Figure 1: Cat Gut Microbiome Matters [1]

Cats have been domesticated for a long time, becoming cherished companions for humans. Similar to humans, they are colonized by bacteria during birth. When kittens are born, they are exposed to the external environment, leading to changes in their gut microbiota. After weaning, felines consume high-protein foods in large quantities, causing significant changes in the species composition and structure of their gut microbiota.The differing diets of humans and felines contribute to significant variations in the composition of their intestinal microbiota.[1] The domestic cat, being an obligate carnivore, depends on protein-rich animal tissues to fulfill its distinct nutritional needs. It is metabolically adapted for lower glucose utilization and higher protein metabolism. As a result, its gut flora composition is relatively straightforward and does not heavily rely on microbiota to regulate energy balance, unlike omnivorous humans.[2] However, these gut microbes still play crucial roles in the immune and digestive systems of felines. Given their prolonged coexistence with humans, the condition of domestic pet cats' gut microbiota can impact not only their own health but also that of their owners.[3]

Composition of domestic cat intestinal microbiome

Figure 2: Classification of 16S rRNA gene sequences belonging to the different Clostridium clusters in the healthy conventionally raised cats (A) and the healthy specific pathogen-free cat (B). It presents that there is a higher bacterial diversity in conventionally raised cats than the healthy specific pathogen-free cat. [2].


The cat's gastrointestinal tract harbors a complex ecosystem comprising various microorganisms, including bacteria, viruses, fungi, and protozoa. Among these, bacteria constitute over 98% of the population, and predominantly strict and facultative anaerobic bacteria dominate the gut microbiota. [4]Their metabolic activities generate beneficial molecules like food or drug compounds, enhancing the host's immune response and metabolic capabilities. These intestinal bacteria play a crucial role in regulating the immune system, defending against external pathogens, and supplying essential nutrients, such as vitamins that may be scarce or challenging for the host to produce independently. Gut bacteria in cats play a crucial role not only in digestive diseases like inflammatory bowel disease or alimentary small cell lymphoma but also in the overall well-being of an organism.[5] While the precise mechanisms are still under investigation, it's clear that gut bacteria can impact a wide range of diseases affecting various organs and systems, including but not limited to diabetes, chronic kidney disease, and obesity.[6][7][8]

Figure 3:Distribution of the two predominant Clostridium clusters I and XIVa in the conventionally raised healthy cats. [3].

In the gastrointestinal tract of normal, healthy domestic cats, there are five major bacterial phyla present. These are predominantly classified as Firmicutes (68%), followed by Proteobacteria (14%), Bacteroidetes (10%), Fusobacteria (5%), and Actinobacteria (4%). Within the Firmicutes phylum, the majority of bacteria belong to the orders Clostridiales (54%), followed by Lactobacillales (14%), Bacteroidales (11%), Campylobacterales (10%), and Fusoacteriales (6%). Specifically, within the Clostridiales order, the predominant domains are Clostridium clusters I (58%) and XIVa (27%).The intestinal microbiota of the healthy specific pathogen-free cat showed a decreased bacterial diversity when compared to normal raised domestic cat, with 98% of all bacterial classified within the phylum Firmicutes.[9]

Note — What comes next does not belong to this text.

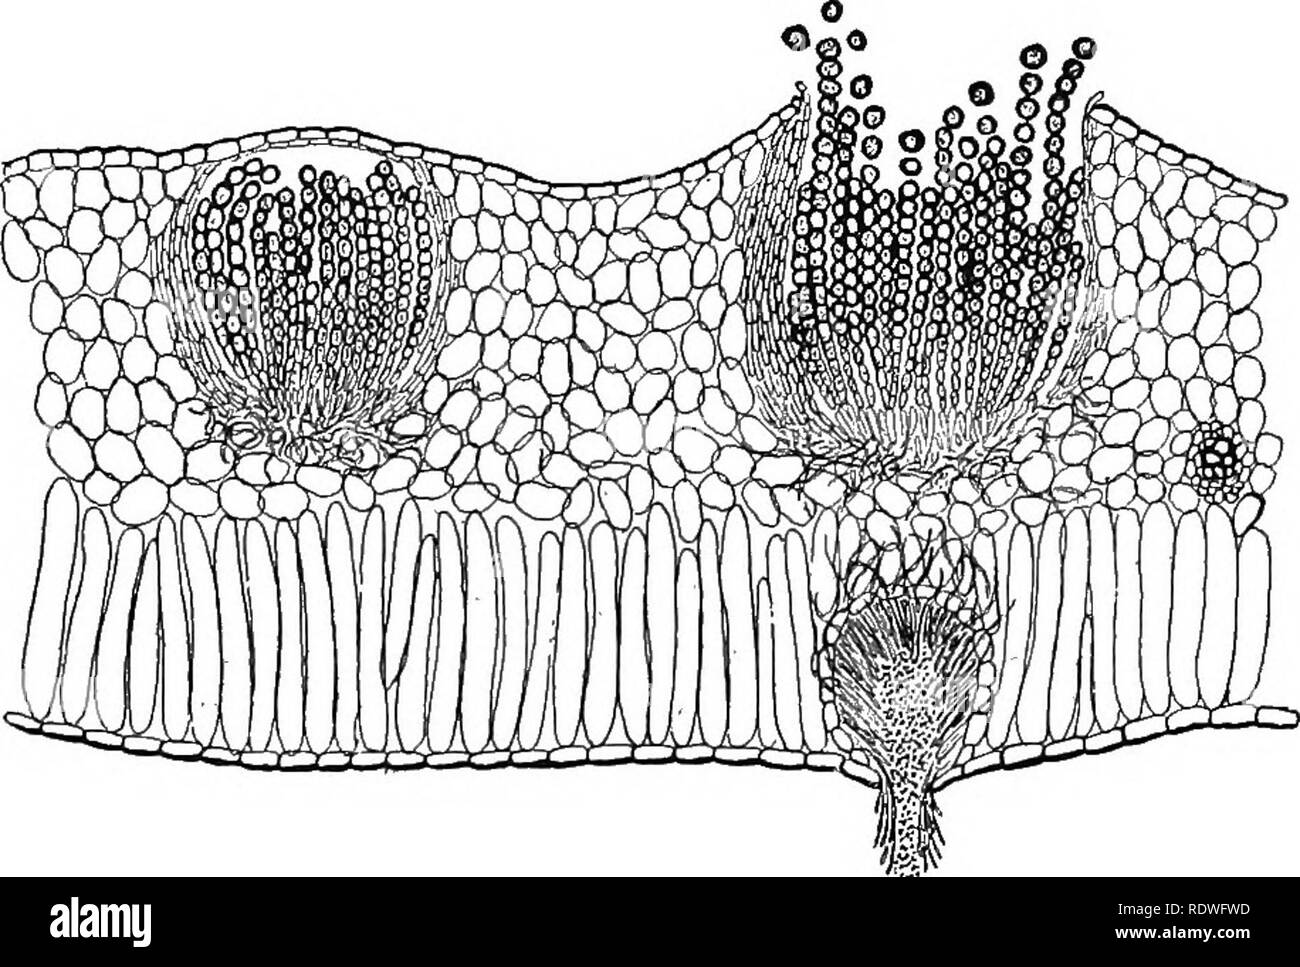 . Nature and development of plants. Botany. 252 DEVELOPMENT OF A RUST bodies which rupture the epidermis and finally open out into cups filled with chains of yellowish spores. An examination of Fig. 162 shows that these spores are formed in rows at the end of hyphae and surrounded by a layer of rather thick-walled hyphae. This stage of the rust is known as the cluster cup or aecial stage and the spores are called aeciospores. Often smaller spore-bear?. ^. Fig. 162. Cluster cups as seen in section of leaf of spring beauty, Clay- tonia. At right one of the cups is ruptured, exposing the aeciospo Stock Photo

Figure 4: Electron micrograph of a portion of the duodenum of a healthy cat. [4].

Approximately four-fifths of all bacteria found were classified as Firmicutes, exhibiting diverse representation across various Clostridium clusters within the Clostridiales class. These bacteria were affiliated with six different Clostridium clusters: clusters I, III, IV, XI, XIVa, and XIVb. Roughly half of these Firmicutes were found in the jejunum, with slightly fewer in the colon, and the rest in the ileum..[9]

Actinobacteria distribution was fairly evenly split, with approximately one-third found in the ileum, another third in the colon, and the remaining third in the jejunum..[9]

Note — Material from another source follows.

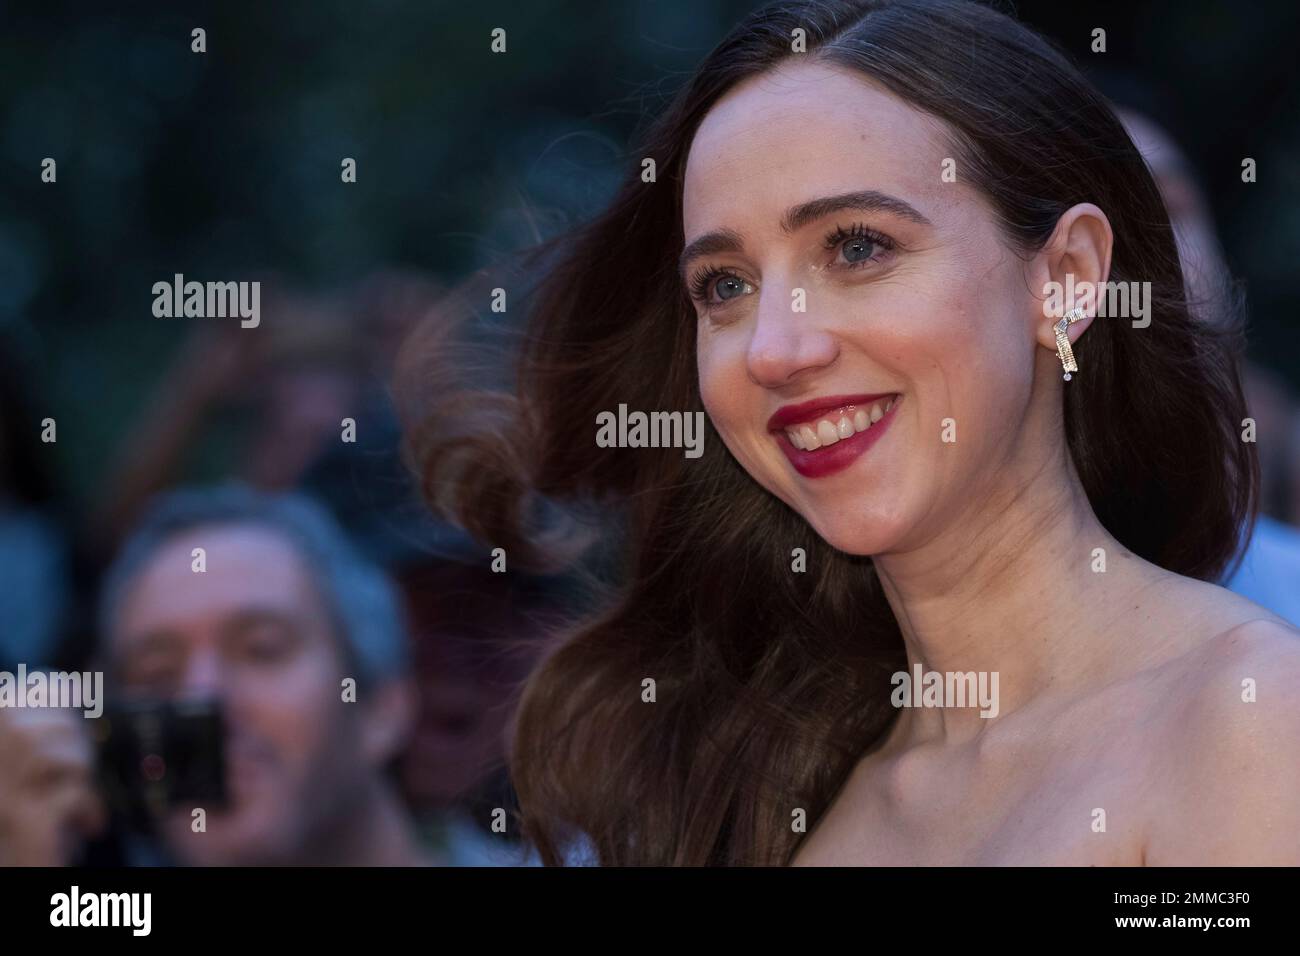 Actress Zoe Kazan Poses For Photographers Upon Arrival At The Premiere Of The Film The Ballad

Regarding Bacteroidetes, about half of them were located in the ileum, with a significant portion in the colon and a smaller proportion in the rectum. The jejunum had only a negligible amount of Bacteroidetes..[9]

The majority of Fusobacteria, roughly two-thirds, were found in the colon, followed by smaller proportions in the jejunum and ileum..[9]

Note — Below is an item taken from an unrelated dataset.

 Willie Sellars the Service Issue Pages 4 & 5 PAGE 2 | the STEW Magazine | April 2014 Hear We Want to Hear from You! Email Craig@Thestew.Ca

The phylum Proteobacteria showed a varied distribution. Approximately one-third of Proteobacteria clones were found in the duodenum, ileum, and colon each, with smaller proportions in the jejunum and rectum..[9]

In the duodenum of healthy domestic cats, the levels of total bacteria are consistent, with a dominant presence of anaerobic bacteria like Clostridium and Bacteroides, which are known for their ability to deconjugate bile acids and bind cobalamin, essential for digestive health. Domestic cats with clinical symptoms of gastrointestinal issues had lower counts of several bacteria species, including Pasteurella, Bacteroides, and Lactobacillus. Pasteurella are commonly found in the respiratory tract but can also inhabit the gastrointestinal tract. Bacteroides, which plays a crucial role in bile acid metabolism and is associated with steatorrhea, a condition characterized by fat malabsorption. Lactobacillus are beneficial bacteria known for their role in maintaining gut health and aiding in digestion.[10]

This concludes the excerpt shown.